The advent of the personal computers and the microprocessors has brought a
flood of approaches to the patent offices around the world. The devices
have ranged from direct word for word translation devices to key word
translation directly into phrases. For example, a word to word translation
device can be found in U.S. Pat. No. 4,502,128, TRANSLATION BETWEEN
NATURAL LANGUAGES, this patent being directed to an inputting of a
sentence described by a first natural language being sectioned into
individual words. Parts of speech corresponding to these individual words
are retrieved from a lexical word storage, whereby the input sentence is
described by a corresponding string of the parts-of-speech as retrieved. A
translation pattern table previously prepared compares strings of
parts-of-speech for the first natural language with those of the second
language and transforms the first strings of parts-of-speech into strings
of parts-of-speech of the second language. The output sentence described
by the second natural language is generated by sequencing target words in
accordance with the sequential order of the parts of speech of the string
pattern obtained after the transformation. This is a complex procedure at
best.
U.S. Pat. Nos. 4,412,305; 4,541,069 4,439,836 and 4,365,315 relate to
translation devices wherein a single word is used as the input to produce
the translation of entire groups of words, such as sentences or phrases; a
single word entered will access particular sentences within limited
subject categories; letters within words or groups of words produces an
equivalency detectable by a comparison circuit resulting in the
representation in a second language of a plurality of words regardless of
whether it is a noninflected word or an inflected word; and phrases can be
tied to computer specified aural or visual control messages for use by an
operator who chooses to use a particular language in the operation of a
machine tool. Similarly, alphabetical accessing to an electronic
translator can be accomplished by storing address codes with each word, as
in U.S. Pat. No. 4,541,069; as well as utilization of a system for
automatically hyphenating and verifying the spelling of words in a
multi-lingual document can be carried out under U.S. Pat. No. 4,456,969.

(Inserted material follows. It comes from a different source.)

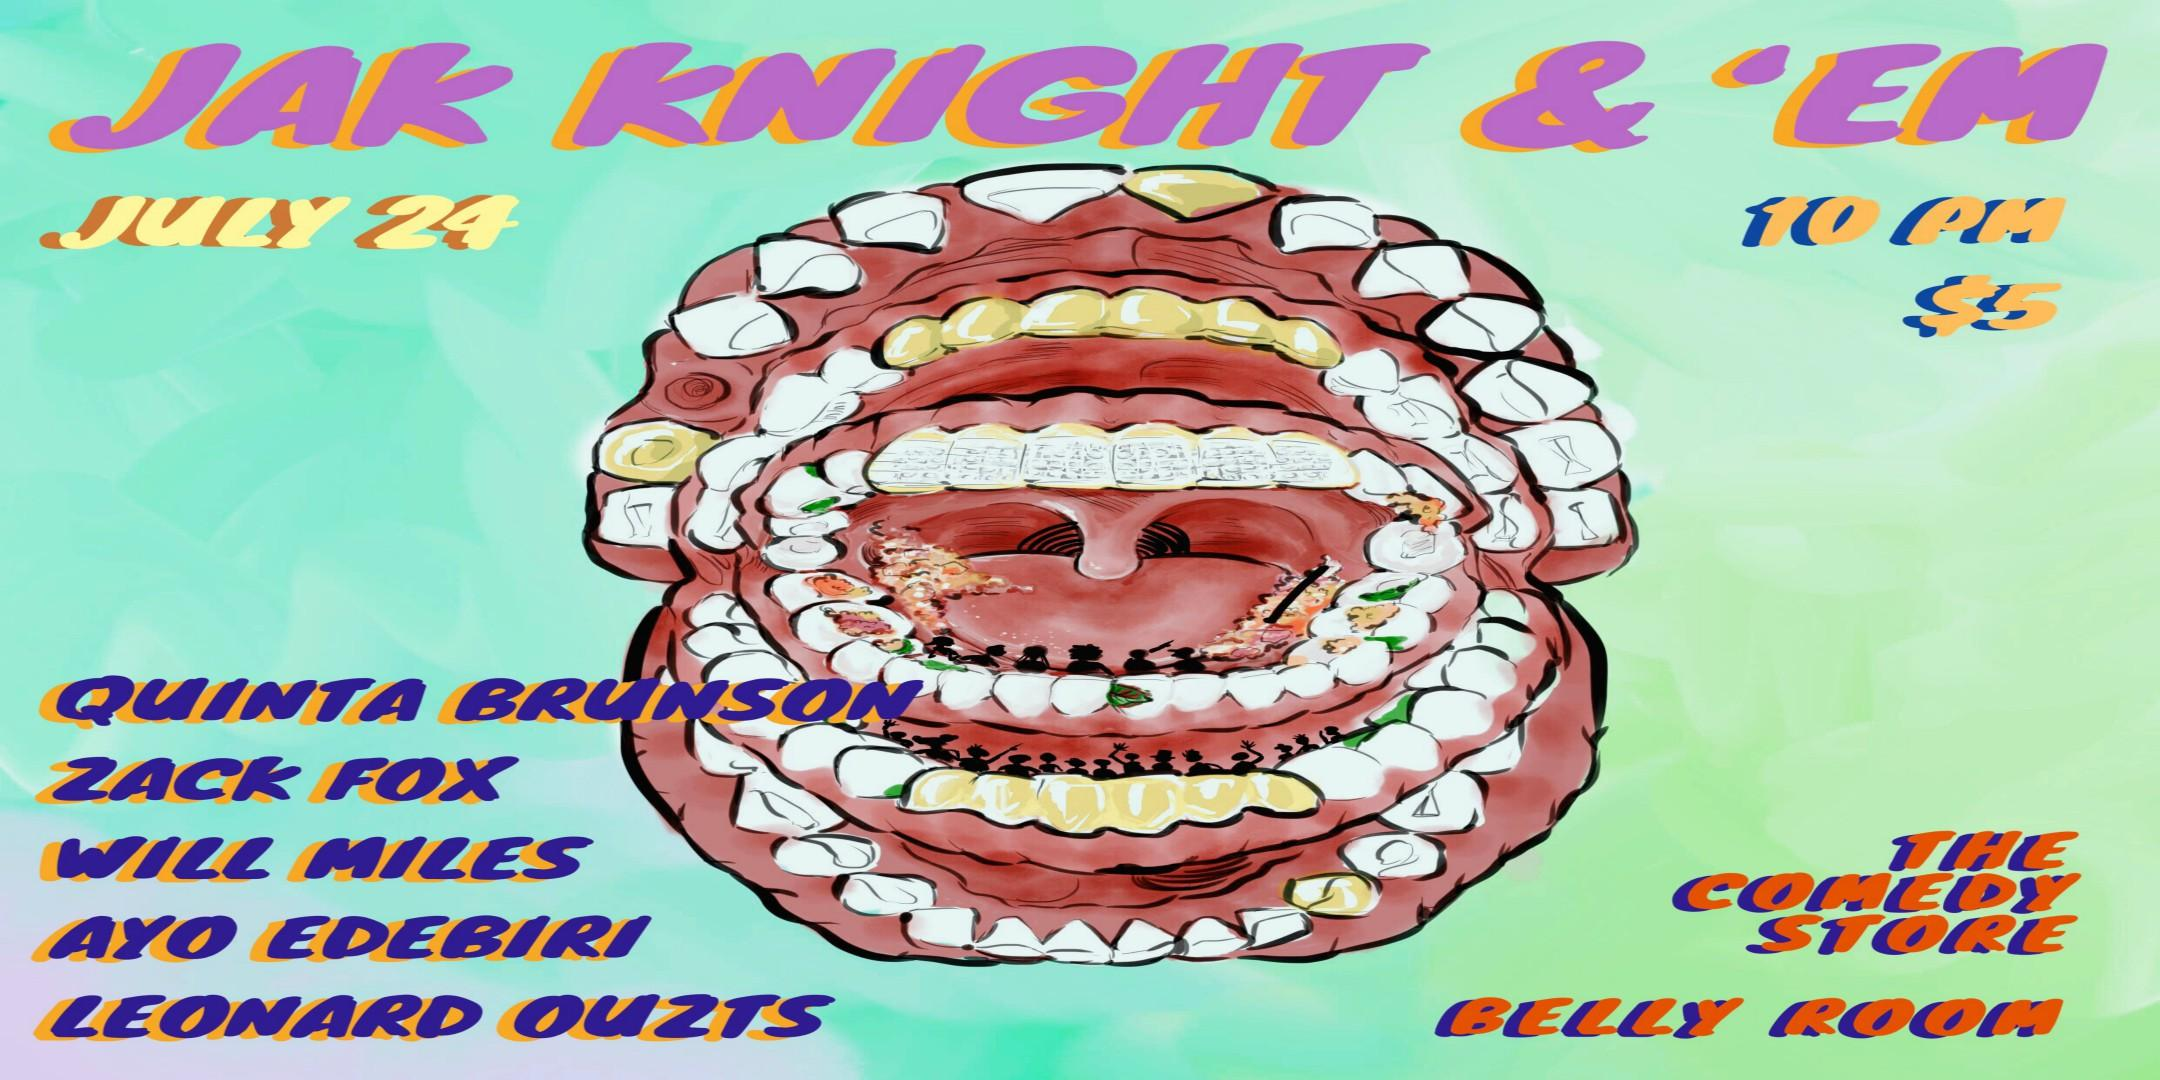 Jak Knight &
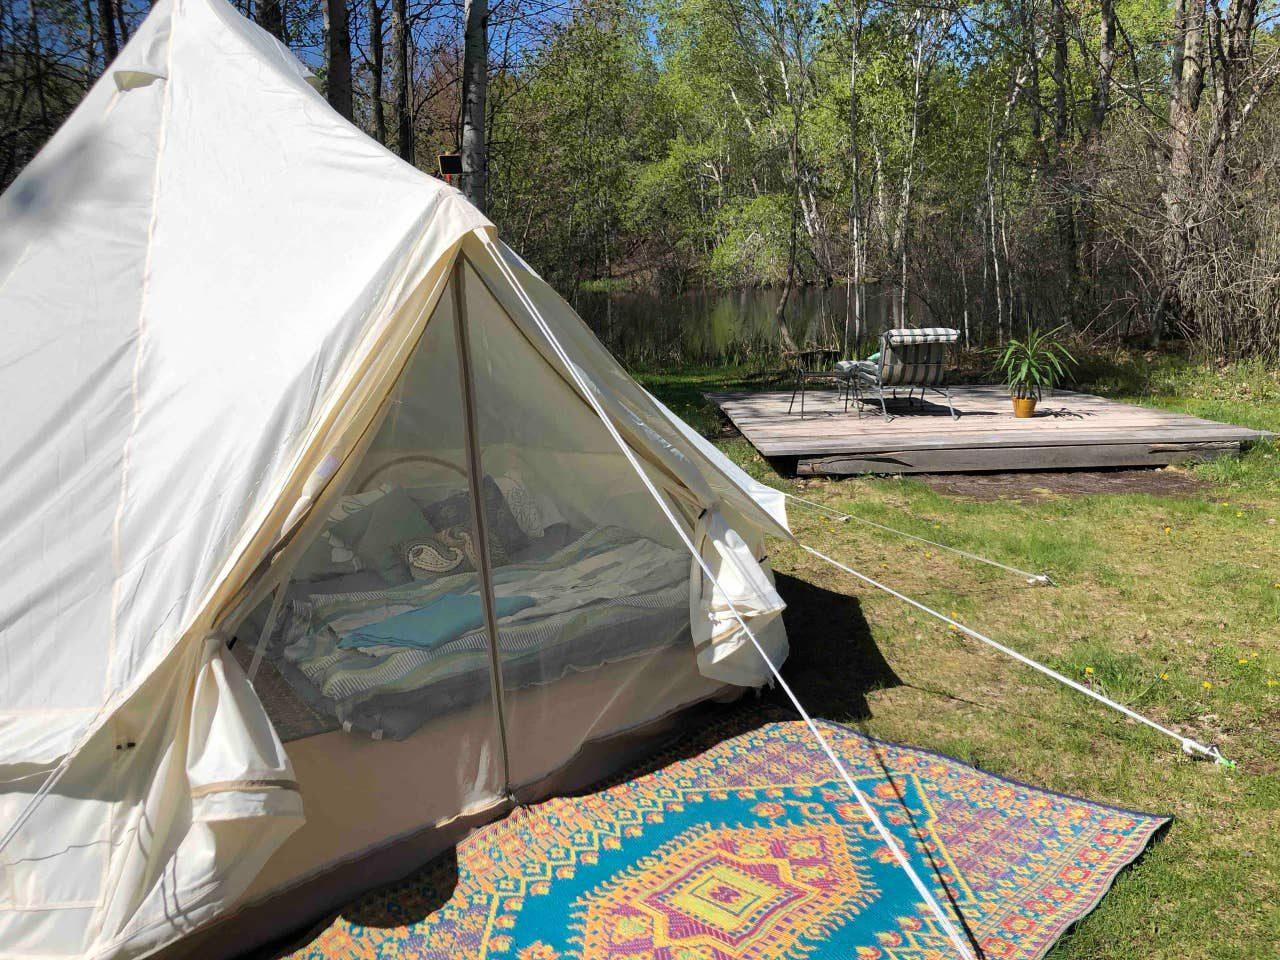 Sunrise Yurt Tent at Rocky Top

As can be seen from study of these prior art references, generally found in
U.S.Cl. 364/900, a direct translation from one natural language to another
natural language has a multiplicity of roadblocks, either in the lack of
an available direct translation or in major grammatical problems due to
language structure or in the relative stage of development of one of the
languages.
Later patents relating to translation systems and apparatus can be found in
U.S. Pat. Nos. 4,774,596; 4,774,666; 4,800,522; 4,814,987; 4,814,988; and
4,833,611. These patents relate, among other things, to the use of
translation dictionaries, defined grammatical rules and tree conversion
rules which, unfortunately, are quite rigid in nature in that the
apparatus and systems involved merely utilize direct translation between
languages and rigid grammatical relationships. They do not have the
flexibility or adaptibility necessary to handle the translation of unique
clauses or phrases.
None of the cited references have the universality and reversibility that
is found in the present invention and its improvements set forth
hereinafter. The cited references are useable only with a single source
language going into a single target language. To adapt such reference
devices and systems for use with other languages would require a complete
reworking of the programs.
SUMMARY OF THE INVENTION
The present invention relates to the translation between two national
languages by the utilization of an improved intermediate step or pathway
of translating into an improved created international language from a
first or source national language and then translating from the improved
created international language into a second or target national language.
Such a translation is reversible in either direction through the
intermediate path and can accommodate translation from one national
language into the created international language intermediate path and
then translation into any one of a multiplicity of second national
languages from the created international language intermediate path text.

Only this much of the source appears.